The rank insignia of a Canadian vice-admiral is as follows:

- On the navy blue mess dress jacket and the navy blue service dress tunic: the cuff insignia is one wide gold braid below two standard size gold braids, the superior one includes the executive curl.
- On tropical white mess dress and tropical white service dress tunic: three silver maple leaves, beneath silver crossed sword and baton, all surmounted by a St. Edward's Crown located on gold shoulder boards.

Two rows of gold oak leaves are located on the black visor of the white service cap. From 1968 to June 2010, the navy blue service dress tunic featured only a wide gold braid around the cuff with three gold maple leaves, beneath crossed sword and baton, all surmounted by a St. Edward's Crown located on cloth shoulder straps.
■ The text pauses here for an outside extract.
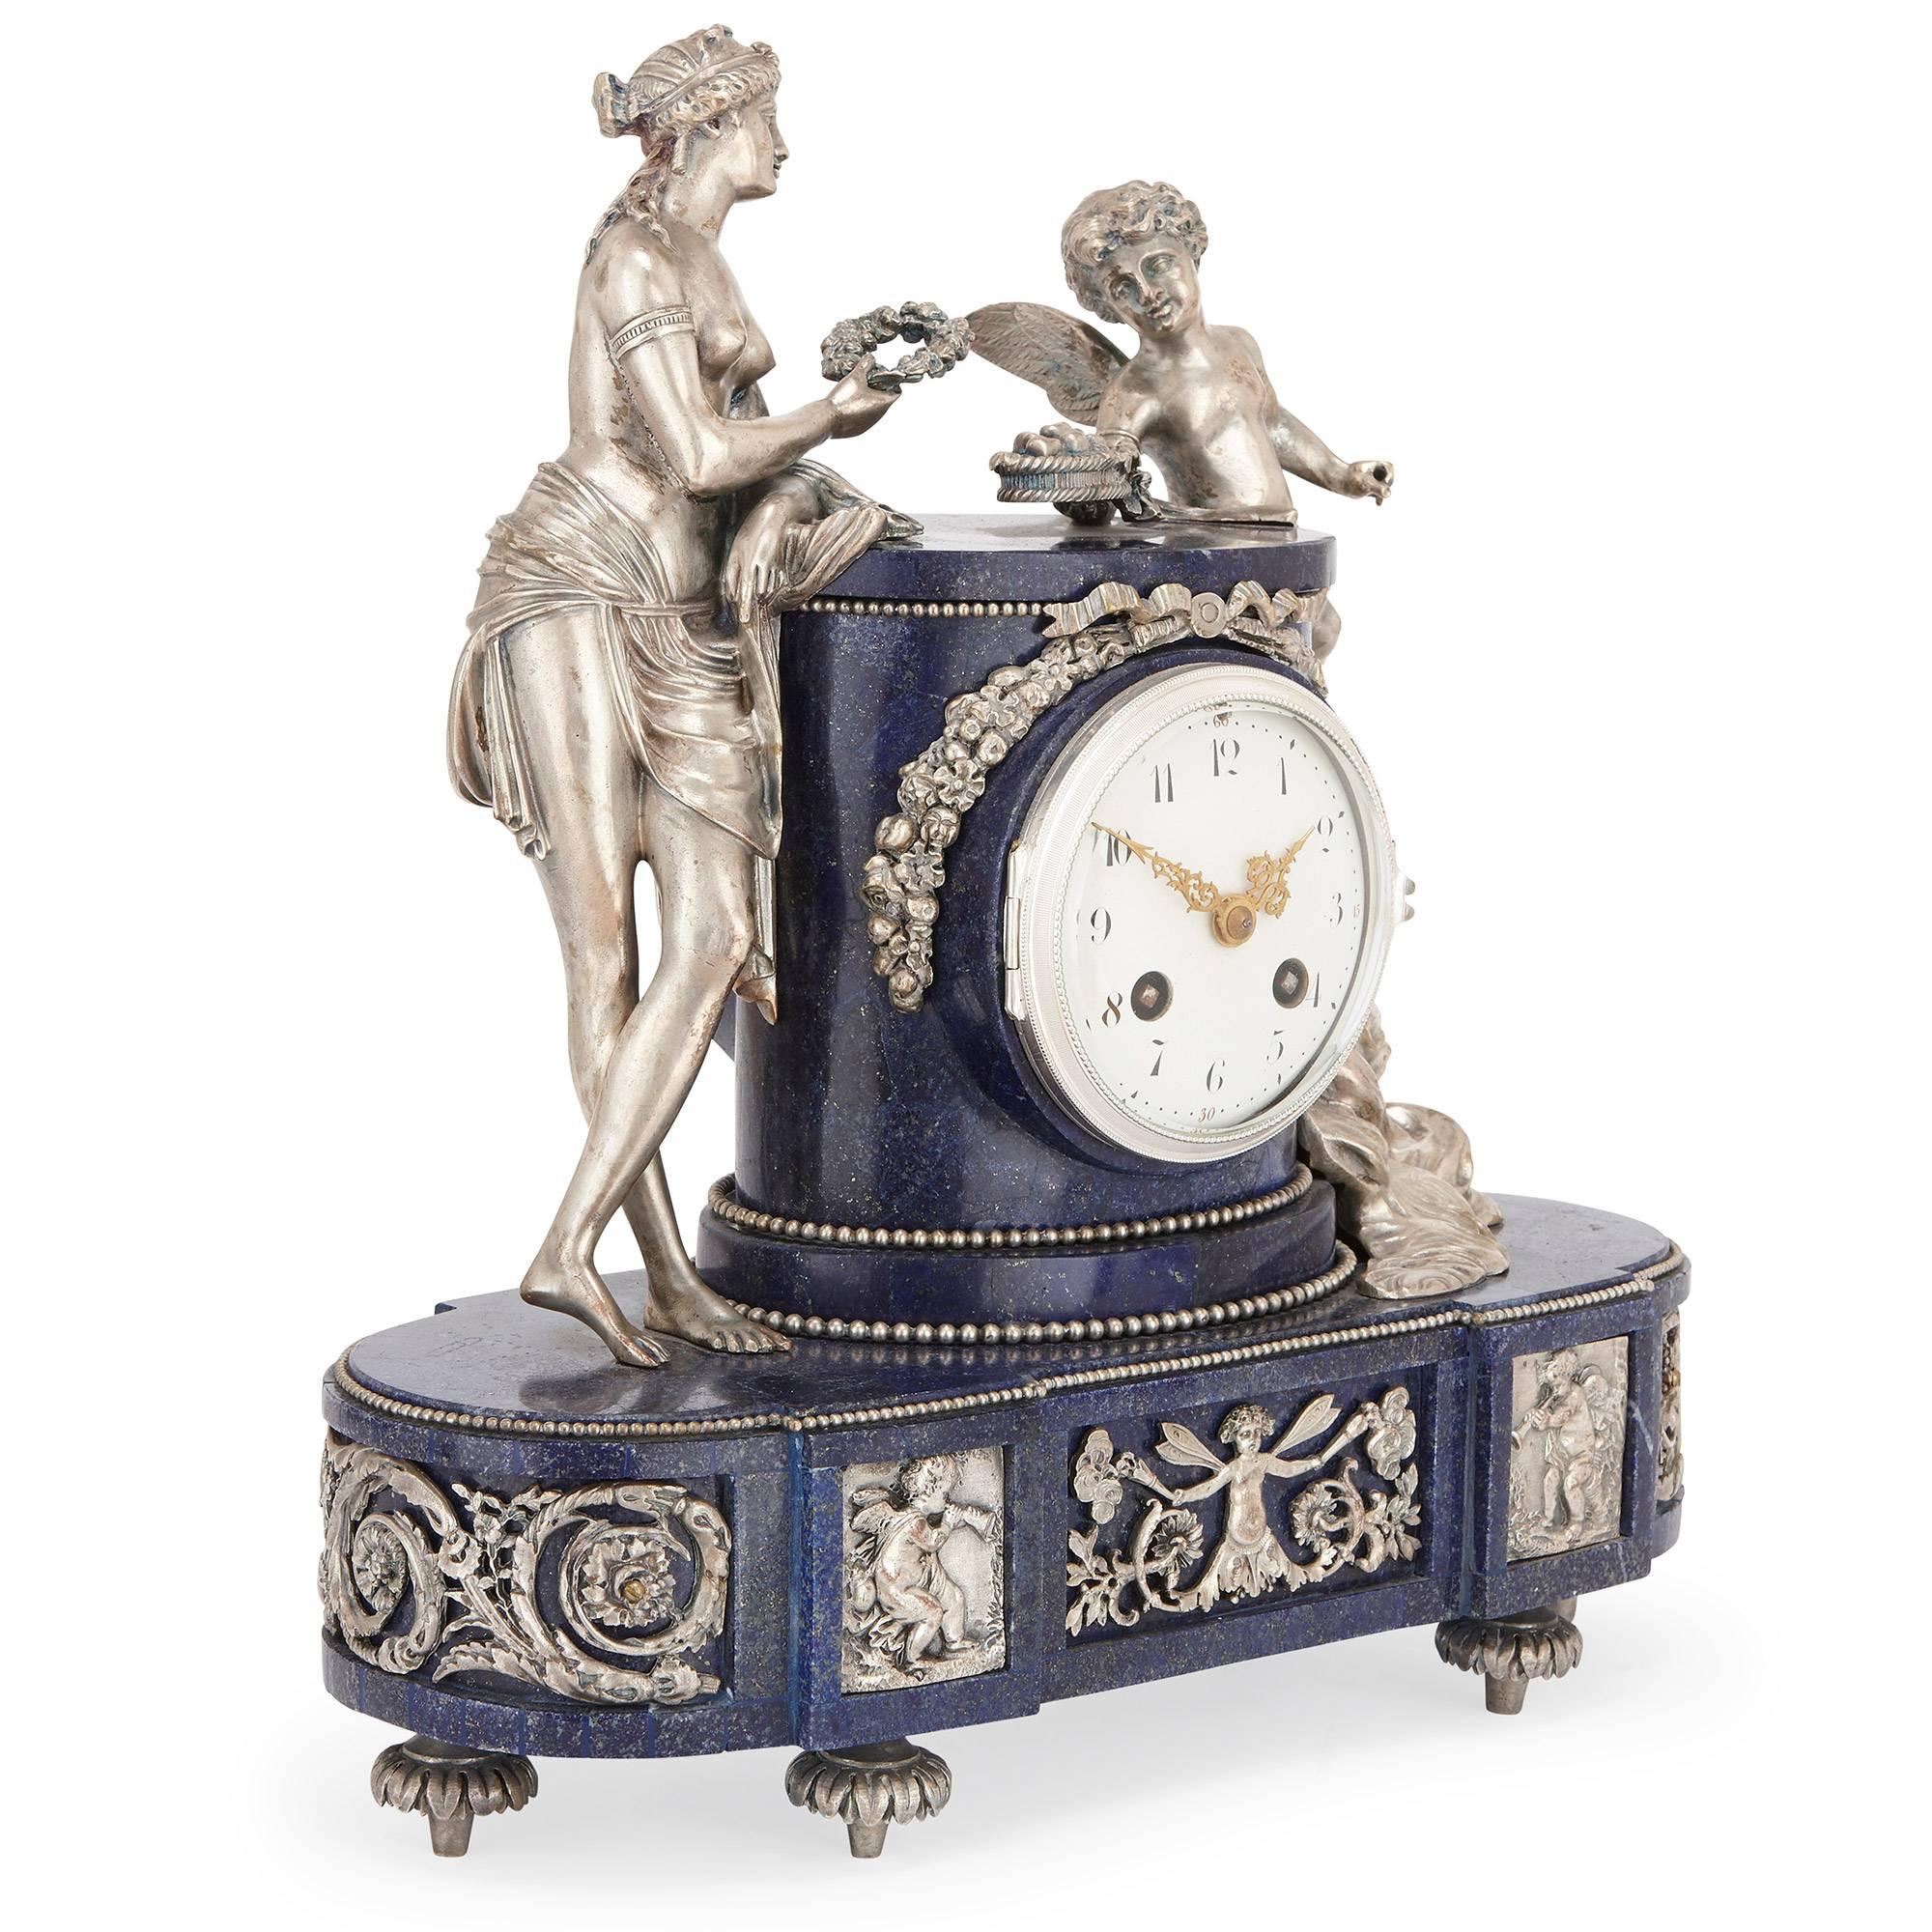 Ce magnifique ensemble de pendules françaises anciennes à trois pièces comprend une pendule centrale et une paire de candélabres latéraux. 

L'horloge centrale présente un cadran central circulaire entouré d'un boîtier en lapis-lazuli et décoré

Vice-admirals are addressed by rank and name; thereafter by subordinates as "Sir" or "Ma'am". Vice-admirals are normally entitled to a staff car; the car will normally bear a flag, dark blue with three gold maple leaves arranged one over two.

A vice-admiral generally holds only the most senior command or administrative appointments, barring only Chief of Defence Staff, which is held by a full admiral or general. Appointments held by vice-admirals may include:
- Vice Chief of the Defence Staff (VCDS);
- Deputy Chief of Defence Staff (DCDS);
- Commander of an operational command (such as Canadian Joint Operations Command);
- Commander of the Royal Canadian Navy; (Currently a Vice-Admiral)
- Assistant Deputy Minister (ADM) of Defence in various capacities;
- Commander of, or representative to, a multinational force, alliance, or treaty organization.

Charles III holds the honorary rank of vice admiral in the Royal Canadian Navy.

== France ==

In France, vice-amiral is the most senior of the ranks in the French Navy; higher ranks, vice-amiral d'escadre and amiral, are permanent functions, styles and positions (in French rangs et appellations) given to a vice-amiral-ranking officer. The vice-amiral rank used to be an OF-8 rank in NATO charts, but nowadays, it is more an OF-7 rank.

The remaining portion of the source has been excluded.